Tax credits may not be enough to pay for individual insurance
While financial services company Standard & Poor’s has estimated that 10 million people could end up losing their coverage under this plan, Cutler said he thought the number could be twice as high.
Matt Fiedler, fellow in economic studies at the Center for Health Policy at the left-leaning Brookings Institution, agreed. He said tax credits, funded at the level Republicans are proposing, could lead to people dropping out of the market.
"They are substantially less generous for people at the lower end of the income scale. So if [Republicans'] position is that insurance is not affordable now, for people at the lower end of the income scale there is no way it is going to be affordable with the tax credits provided here."
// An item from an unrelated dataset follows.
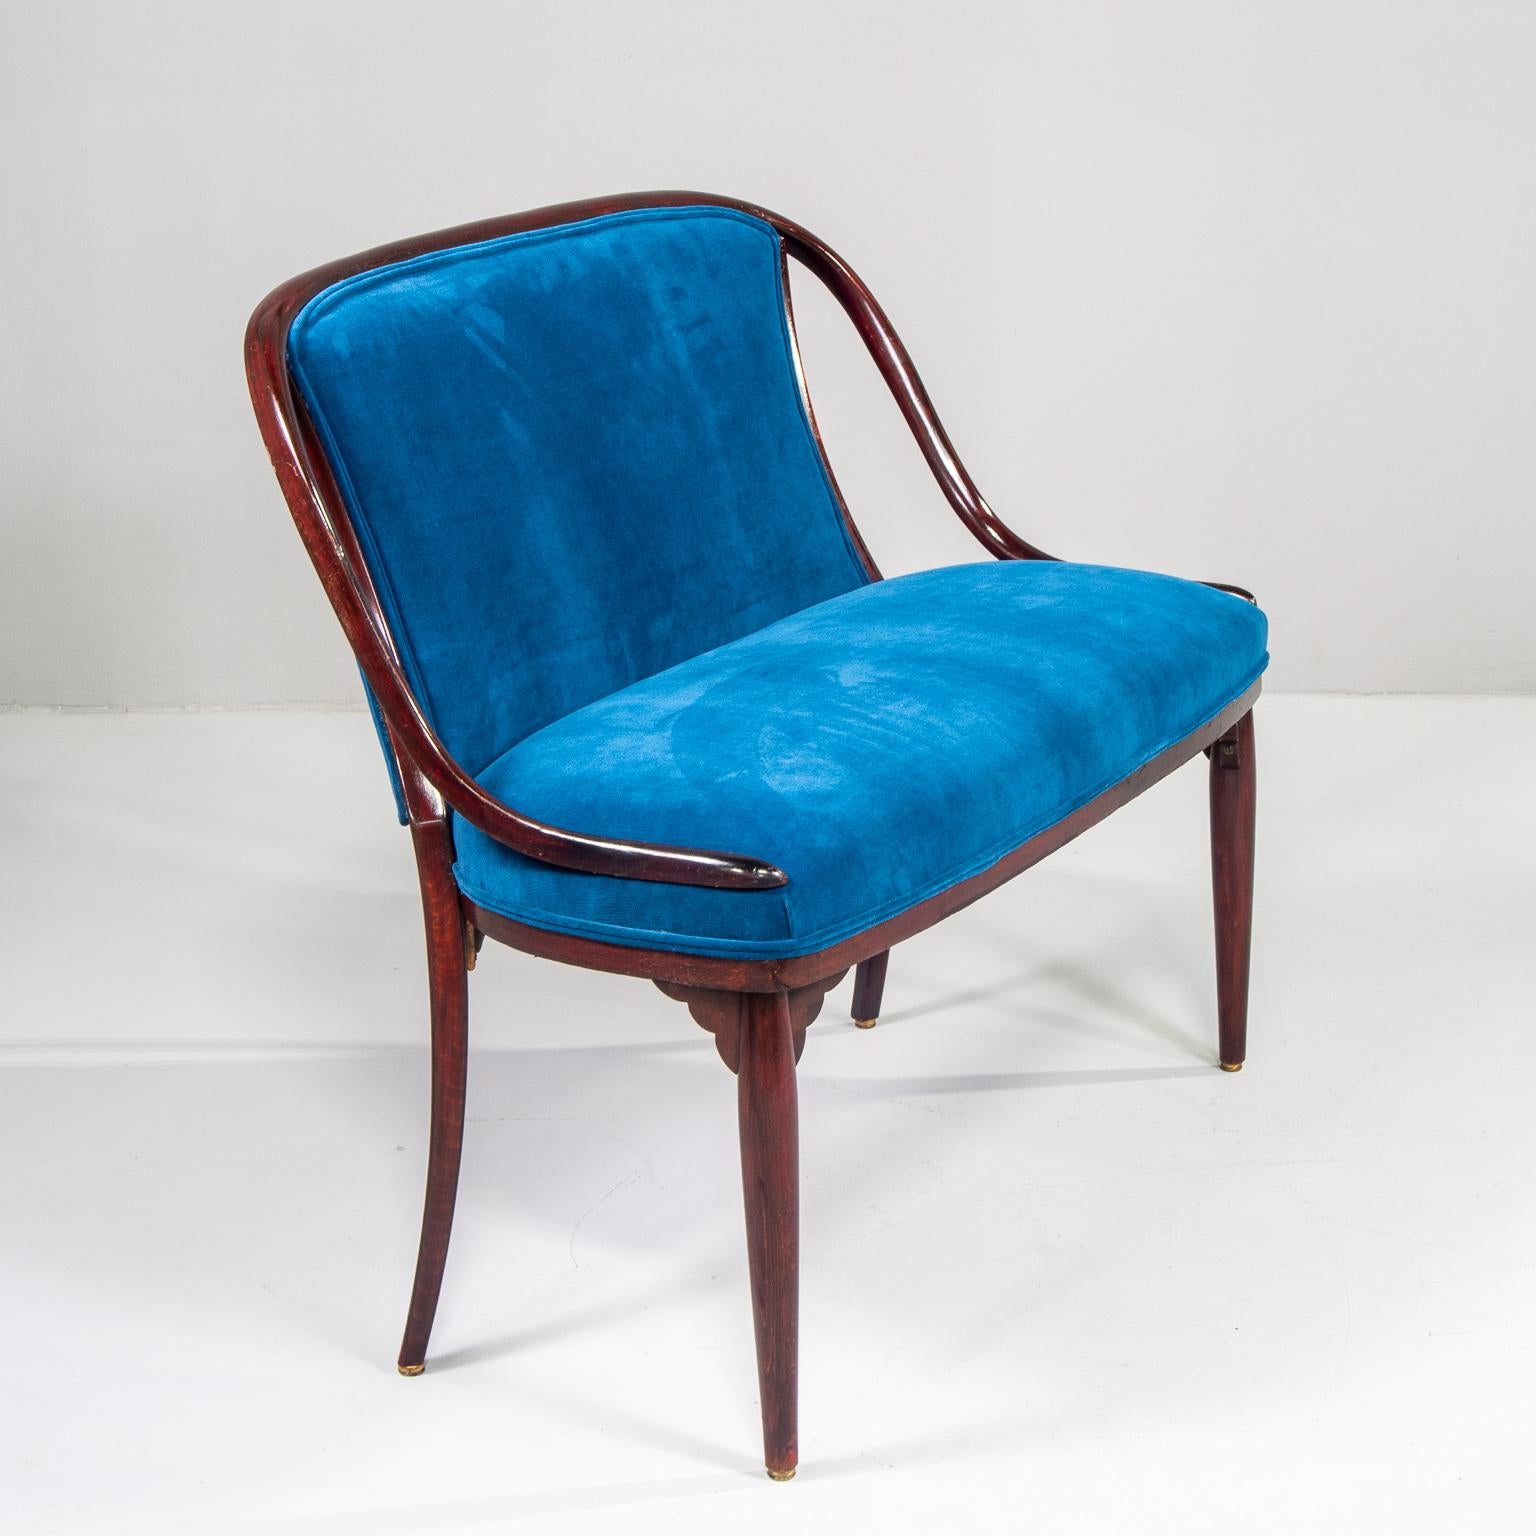 Jugendstil Thonet Settee with New Teal Blue Velvet Upholstery

Bigger gap in premium prices between younger and older adults
In addition to the controversial tax credits, the Republican bill reverses part of the Affordable Care Act, which prohibited insurance companies from charging older people more than three times what they charge younger people. With that part of the law gone, premiums could go up for some of the country’s sickest people.
The AARP wrote a statement opposing the bill, citing the potential effect on older Americans.
"Before people even reach retirement age, big insurance companies could be allowed to charge them an age tax that adds up to thousands of dollars more per year," the statement said. "Older Americans need affordable health care services and prescriptions. This plan goes in the opposite direction."
Both Cutler and Fiedler argue that if fewer people can afford insurance that could have a negative effect on the prices and benefits for people who do still buy plans. Namely, if people drop out of one market, insurance companies may be less inclined to offer plans.
Could result in fewer choices
Republicans have argued that the current law was in need of saving, in large part because Americans looking to buy their own insurance have had fewer and fewer options on government-run marketplace exchanges.
"Options are disappearing fast," House Speaker Paul Ryan said Thursday morning. "If we did nothing, simply washed our hands of this ... the collateral damage to this country would be awful. More and more people would see zero choices."
When insurance companies opt out of offering plans, the market can, as the industry says, "death spiral."
But Cutler told ABC News he was not convinced that the new plan would help this problem.
"For all the talk of 'death spirals' in the Affordable Care Act, this is perfectly designed to produce 'death spirals,'" Cutler said. "Given the price, anyone who is at all healthy will opt out. The subsidies don’t make up for it. So, what you are going to see is this continual erosion of the market."
And that, in turn, will not be attractive to health insurance providers.
"Bottom line, you are looking at a much more uncertain environment," Fiedler said. "One thing we have learned in the last few years is that insurers often are just not willing to participate in market where there is uncertainty."
Impact on Medicaid could result in poorer Americans losing care
Millions of Americans have received insurance in the last eight years directly from the government under the Medicaid program. Under the Obamacare law, states were given an option to increase the number of people who would be eligible for the program.
While the Republican plan allows people who currently qualify for Medicaid in their states to stay in the program, it overturns the rules that allowed for more people to be eligible as of 2020. It also says that states will be allowed to offer Medicaid plans that do not necessarily cover essential health benefits, defined and required under President Obama's plan, including maternity care and preventative services.
The national Children's Hospital Association spoke out against this part of the bill.
"The American Health Care Act will move the Medicaid program to a per capita cap system and limit future federal funding to the states, risking significant reductions in the Medicaid budgets providing the care for over 30 million children. If enacted in its current form, the bill could negatively impact children’s ability to get the necessary care required for their health."